Dreamers hit the road for Washington D.C. following local rally
Nov 8, 2017, 4:30 AM
PHOENIX — Oscar Hernandez is right up front about his passion for moving the Congress toward immigration reform and, most importantly, a clean Dream Act.
“We’re taking a group of students to D.C. not only to lobby for us, but to put immigration in spotlight,” Hernandez said.
DACA recipients, Dreamers, and their supporters made up of immigrants and natural born citizens joined together outside Senator Jeff Flake’s office in the Biltmore District Tuesday to publicize their cause.
Hernandez rallied the crowd while calling for Dream Act legislation to solve their concerns.
“As students we are uncertain about our future,” Hernandez said. “Are we going to be able to obtain our degrees, and are we going to be able to work after that?”
Students and others who are temporarily shielded from deportation through the Obama Era Executive Order know there is a clock ticking. They want Congress to heed the words of President Donald Trump when he ended the Act by his own Executive Order and called on the representative body to come together and craft a pathway to citizenship for DACA recipients.

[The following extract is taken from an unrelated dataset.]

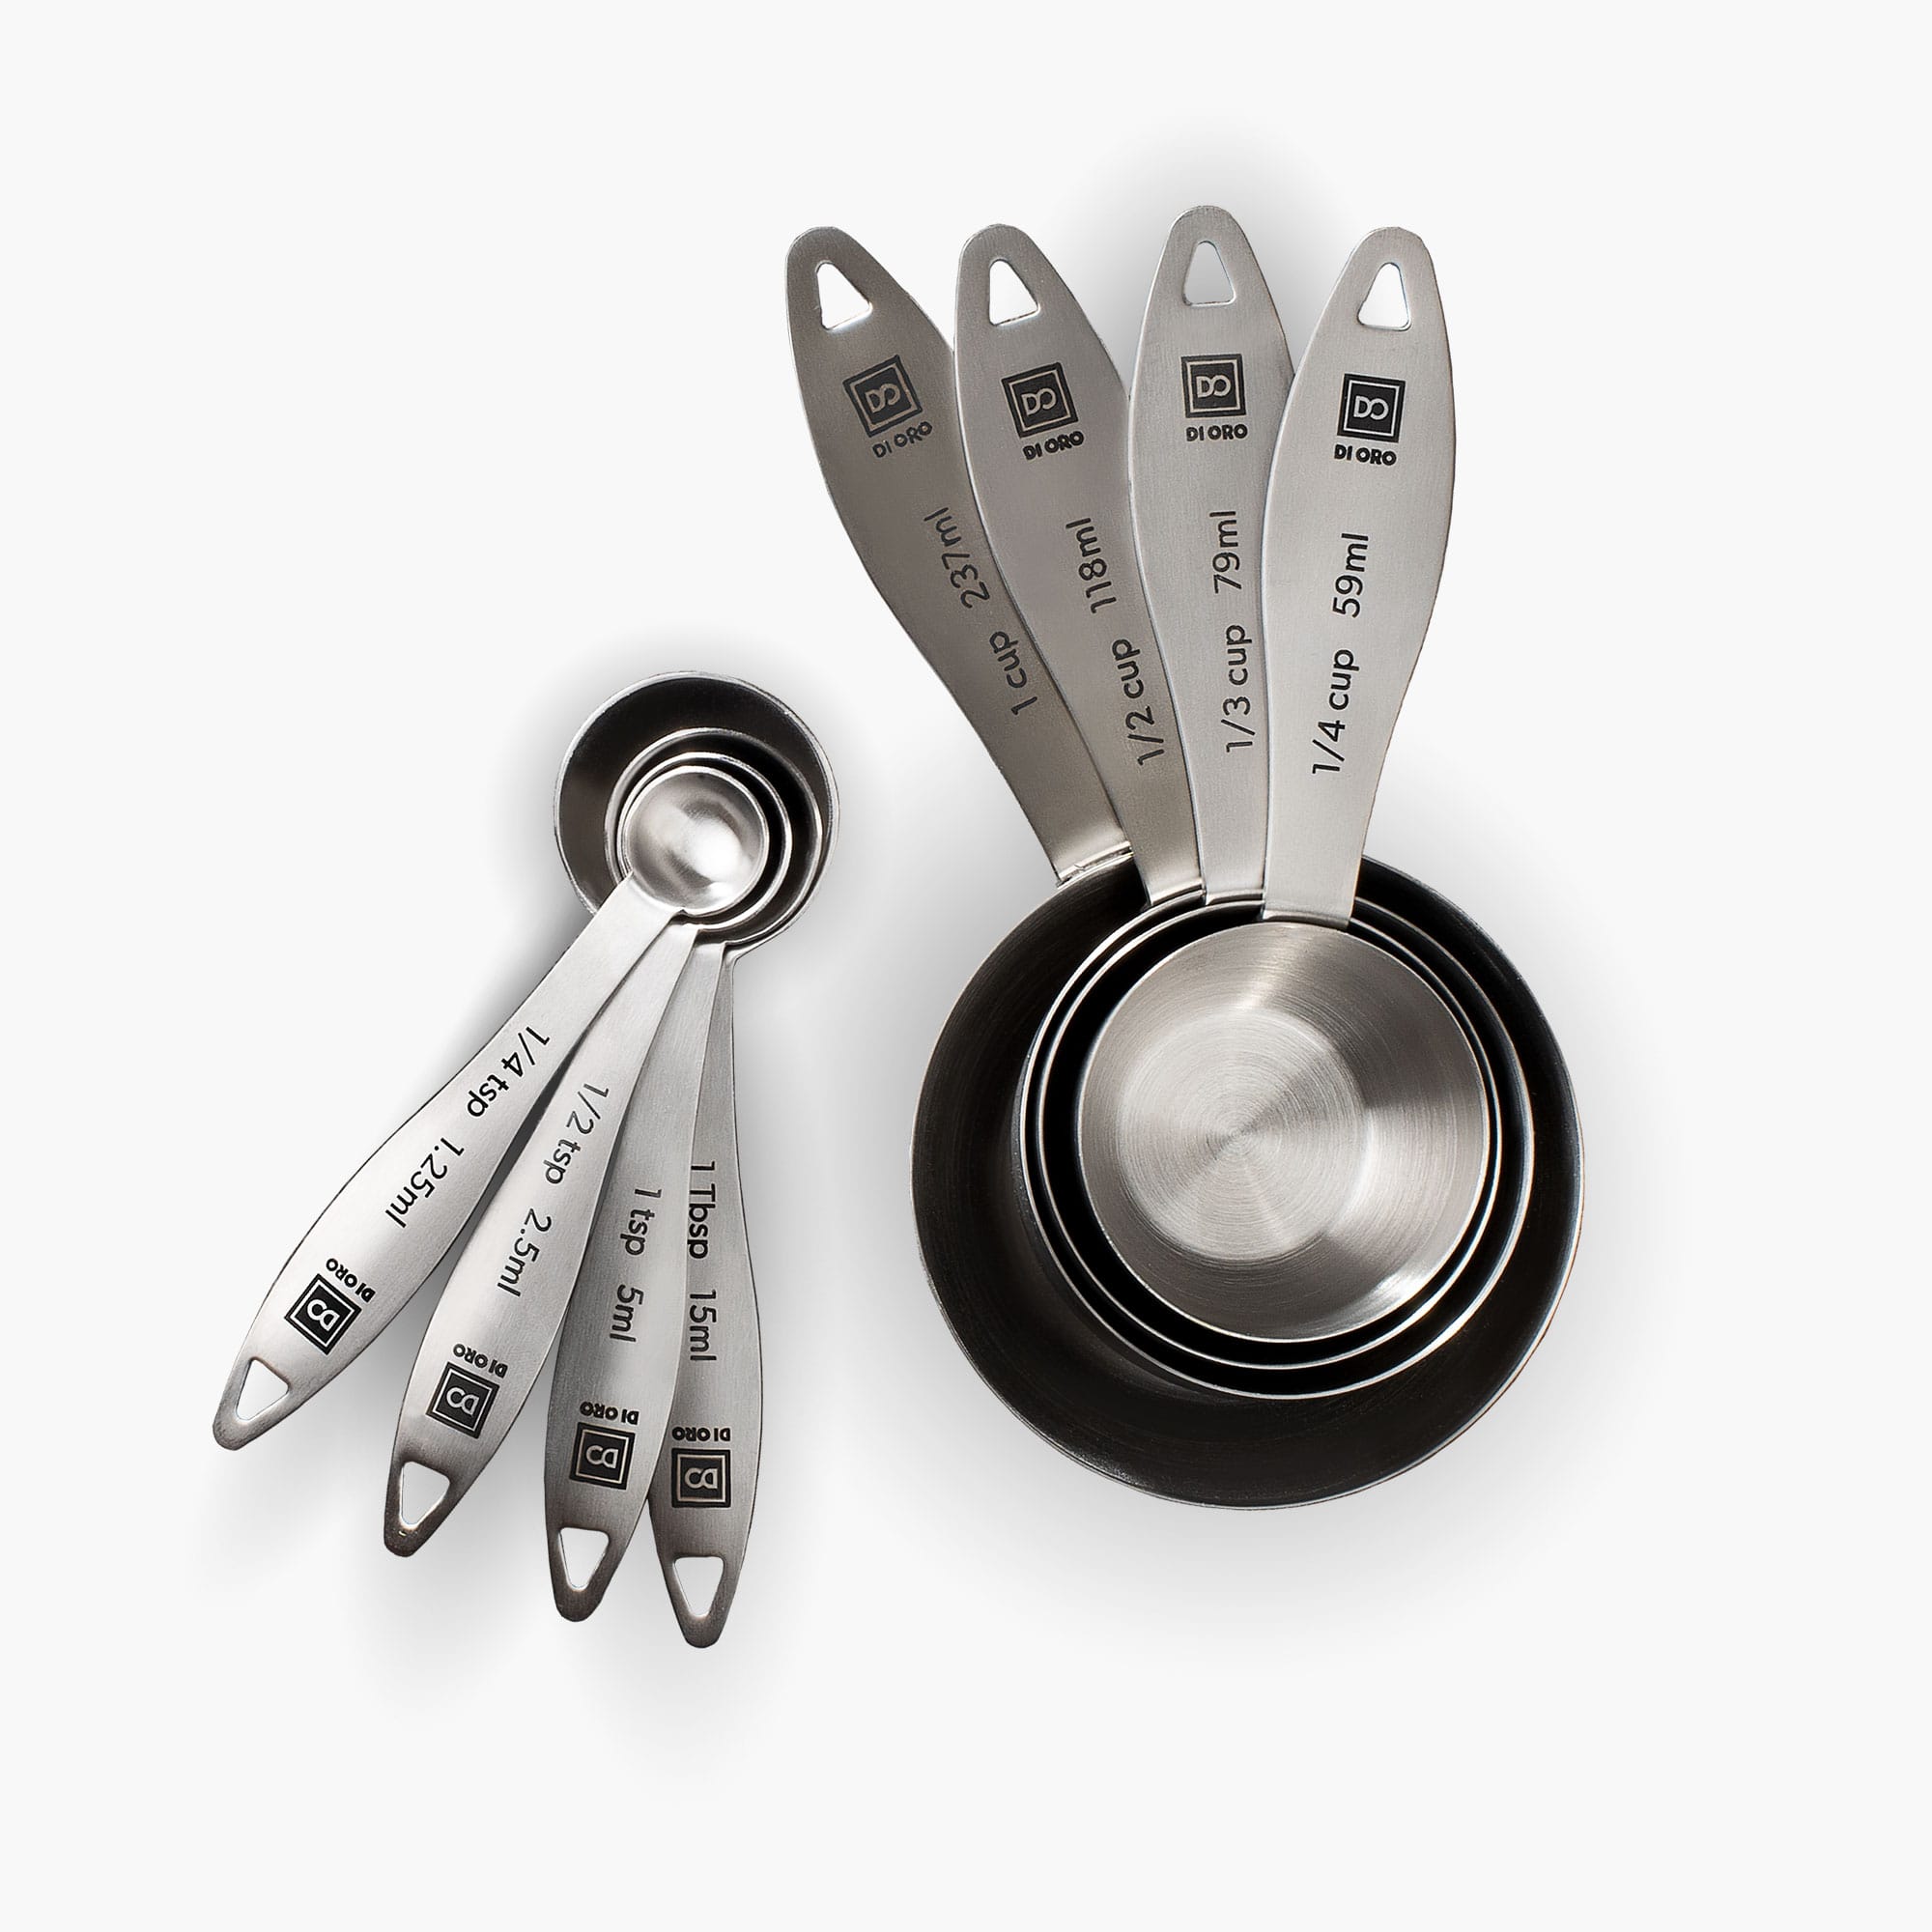 Measuring Spoons:18/8 Stainless Steel Measuring Spoons Set Of 9 Piece: 1/16  Tsp, 1/8 Tsp, 1/4 Tsp, 1/3 Tsp, 1/2 Tsp, 3/4 Tsp, 1 Tsp, 1/2 Tbsp & 1 Tbsp

But for Hernandez, it’s goes beyond that.
“We’re going to ask something that’s even better than DACA. Because that’s what we deserve and what our families deserve!”
That’s why the call for Dream Act legislation is couched behind the term ‘clean’. A Clean Dream Act is legislation that will not only act as a pathway to citizenship but, as Liza Zamudio with Neighborhood Ministries explains, “We don’t want something that will criminalize our people, we don’t want any walls, and folks from Arizona are headed to D.C. to have these conversations.”
Dreamers from 10 states are on their way to Washington D.C., Hernandez among them representing Arizona, to speak before Congress and lobby for a bipartisan Dream Act. For now the clock is ticking as DACA officially ends in March 2018, so Dreamers are anxious to get themselves heard before the winter recess.
“We need to pass a Dream Act now,” Hernandez said, “Because if Congress goes to break, that momentum that we currently have—it’s going to be gone.”